In the coating, each of the above metals may be present in either crystalline or amorphous form. The concentration (atom %) of each metal in the coating can be measured by compositional analysis using an EDX line scan of the coated magnetic material. The coating can contain a phosphate compound and/or composite oxide in microcrystalline form. The presence of a phosphate compound or composite oxide in microcrystalline form in the coating can increase mechanical strength and improve heat resistance.

In the coated magnetic material, the amount of phosphorus adhered in the coating procedure and the pH adjustment procedure is preferably at least 0.0001% by mass but not more than 50% by mass, more preferably at least 0.001% by mass but not more than 5% by mass. In the above range, the heat resistance tends to improve. The amount of phosphorus in the coated magnetic material can be measured by ICP atomic emission spectroscopy (ICP-AES).

The iron loss W of the coated magnetic material is preferably not more than 700 W/kg, more preferably not more than 420 W/kg. The lower limit of the iron loss W may be, for example, at least 10 W/kg. Here, these losses are measured at a maximum flux density (Bmax) of 1 T and a frequency of 1000 Hz as described in EXAMPLES. The present embodiments can provide such a numerical range to the molded product that has undergone a heating procedure. The heating temperature in the heating procedure can be 600° C., for example. The molded product with iron loss W and other losses within such numerical ranges may contain no resin and no glass. When the coated magnetic material, not the molded product, has undergone the heating procedure, the iron loss W of the coated magnetic material measured may be in the range described above.

Method of Producing Molded Product

A method of producing a molded product according to the present embodiments includes obtaining a coated magnetic material and heating the coated magnetic material. The procedure of obtaining a coated magnetic material can be performed as described above for the method of producing a coated magnetic material.

Heating Procedure

In the heating procedure, the coated magnetic material is heated. The heating temperature may be, for example, at least 100° C. but not higher than 1200° C. The heating procedure can be performed, for example, in order to release stress caused by pressurization and/or to partially react the coating of the coated magnetic material to obtain an integrated molded product. To release stress caused by pressurization, the heating temperature is preferably at least 300° C. but not higher than 1000° C., more preferably at least 400° C. but not higher than 700° C. As the coated magnetic material used in the present embodiments has a coating with good heat resistance, the losses of the coating can be reduced even after the heating procedure. The heating temperature may be at least 500° C. In this case, the molded product preferably does not contain resin or glass. This is because resin and glass are likely to degrade significantly at high temperatures of at least 500° C. The duration of the heating procedure is preferably at least one minute but not more than 100 hours, more preferably at least 10 minutes but not more than 10 hours. The heating procedure may be carried out in a nitrogen atmosphere or in the air, for example. The heating procedure is preferably carried out in an inert atmosphere such as an argon atmosphere or vacuum. When the magnetic material contains Fe, the heating procedure is preferably carried out in an inert atmosphere other than a nitrogen atmosphere because heating in a nitrogen atmosphere may nitride the magnetic material and deteriorate the characteristics of the magnetic material.

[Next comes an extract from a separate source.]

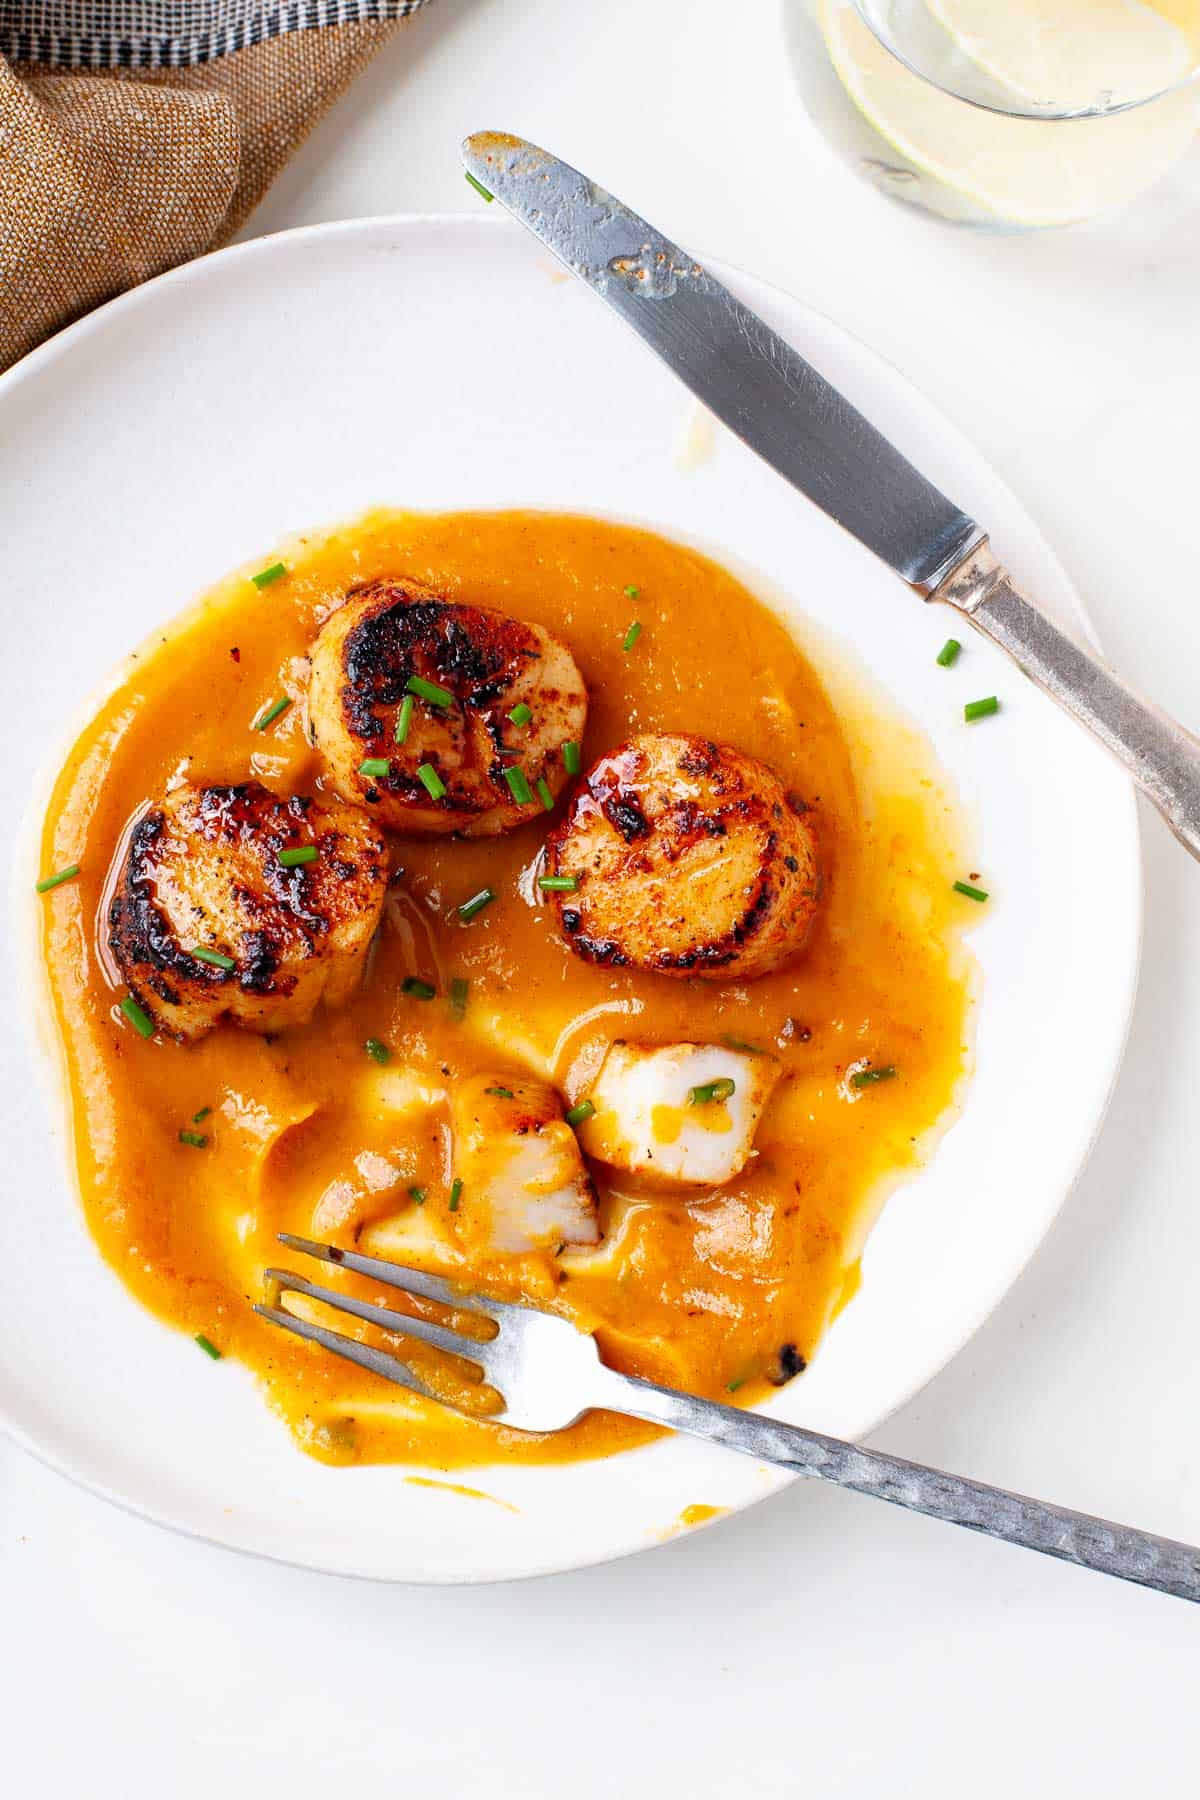 blackened scallops atop squash puree on a white dish with a silver fork and knife.

The heating procedure is preferably preceded by pressurizing the coated magnetic material to obtain a pressure molded product. In this case, the heating procedure corresponds to heating the pressure molded product obtained in the procedure of obtaining a pressure molded product.

The pressurization conditions are preferably at least 0.01 GPa but not higher than 10 GPa, more preferably at least 0.5 GPa but not higher than 5 GPa. The coated magnetic material may be disposed into a mold and then pressurized to obtain a pressure molded product of the desired shape. When a mold is used, a lubricant, which will be described later, may be applied to the inner walls of the mold cavity before disposing the coated magnetic material. Applying a lubricant to the inner walls of the mold cavity can improve the releasability of the pressure molded product from the mold.

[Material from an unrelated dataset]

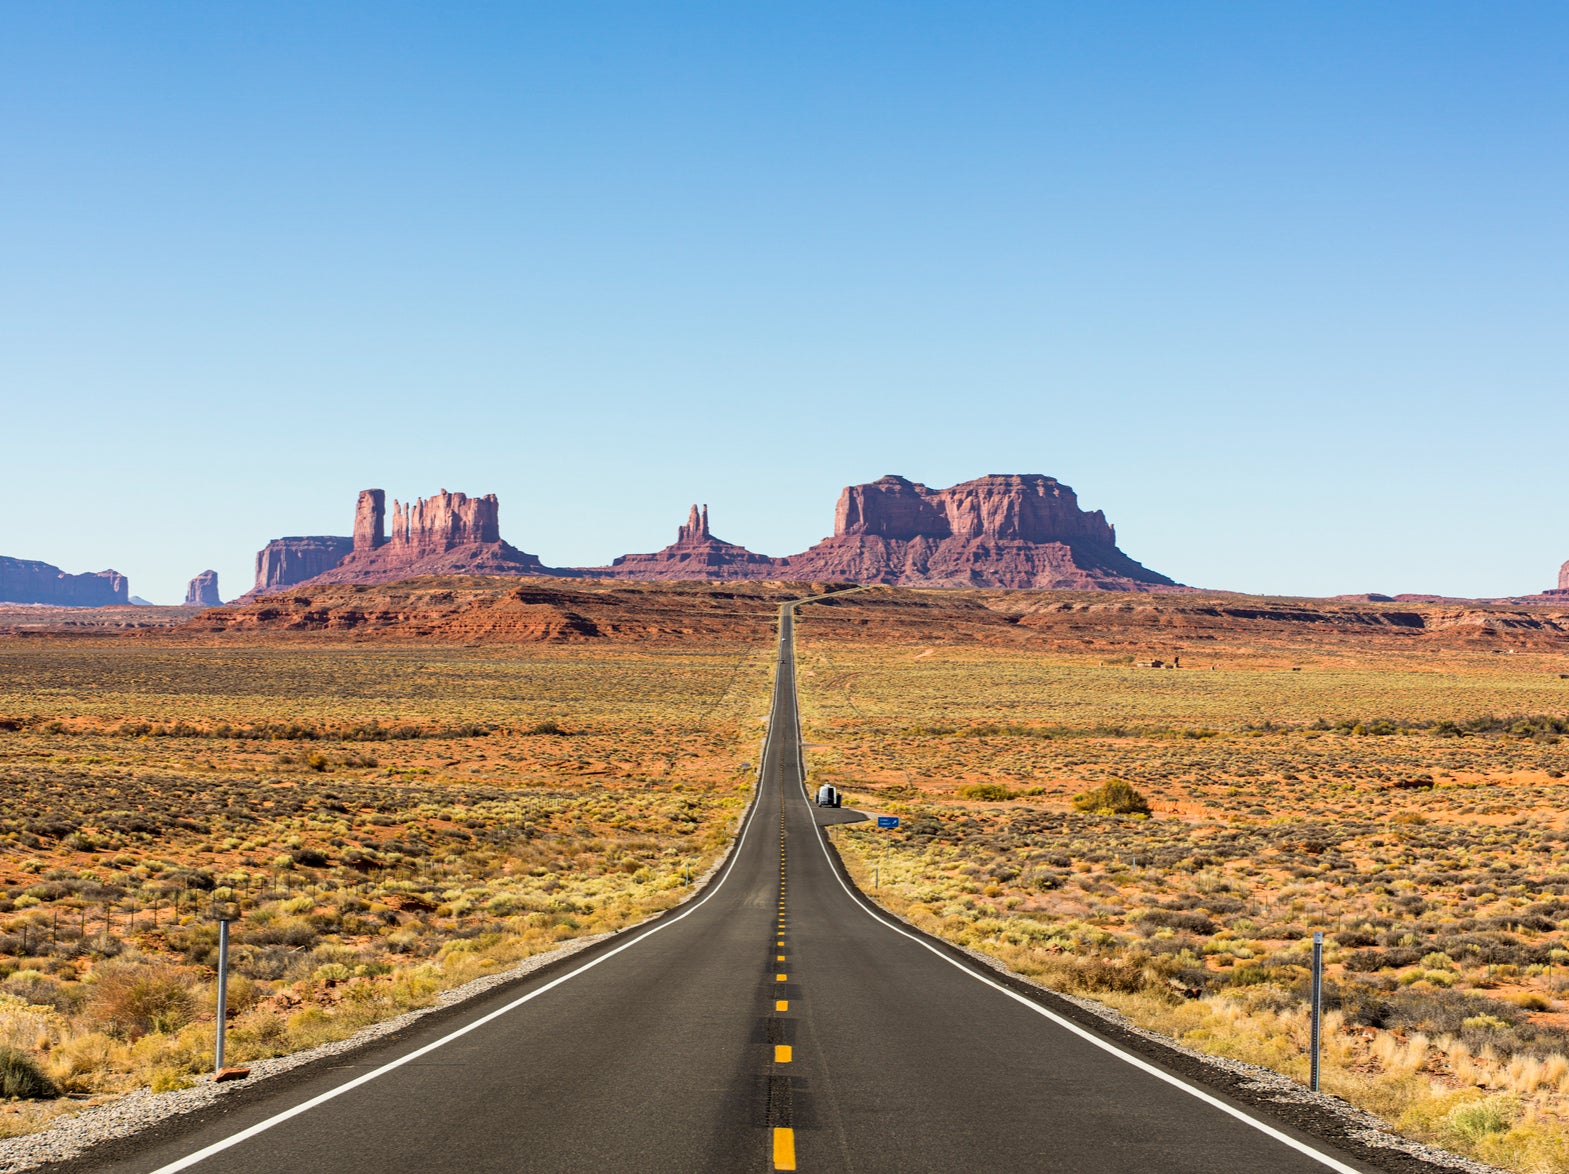 See the famous sights of Route 66 on a North American road trip

In the pressurization, the coated magnetic material may be pressurized alone, but the coated magnetic material may be mixed with a binder, a lubricant, etc. before being pressurized. Examples of the binder include thermosetting resins such as epoxy resins, urethane resins, phenol resins, methacrylic resins, acrylic resins, and silicone resins, and thermoplastic resins such as polyamide resins. The amount of the binder used per 100 parts by mass of the coated magnetic material is preferably at least 0.01 parts by mass but not more than 1000 parts by mass, more preferably at least one part by mass but not more than 50 parts by mass. When the amount of the binder used is within the above range, a molded product with good mechanical strength and low iron loss can be obtained.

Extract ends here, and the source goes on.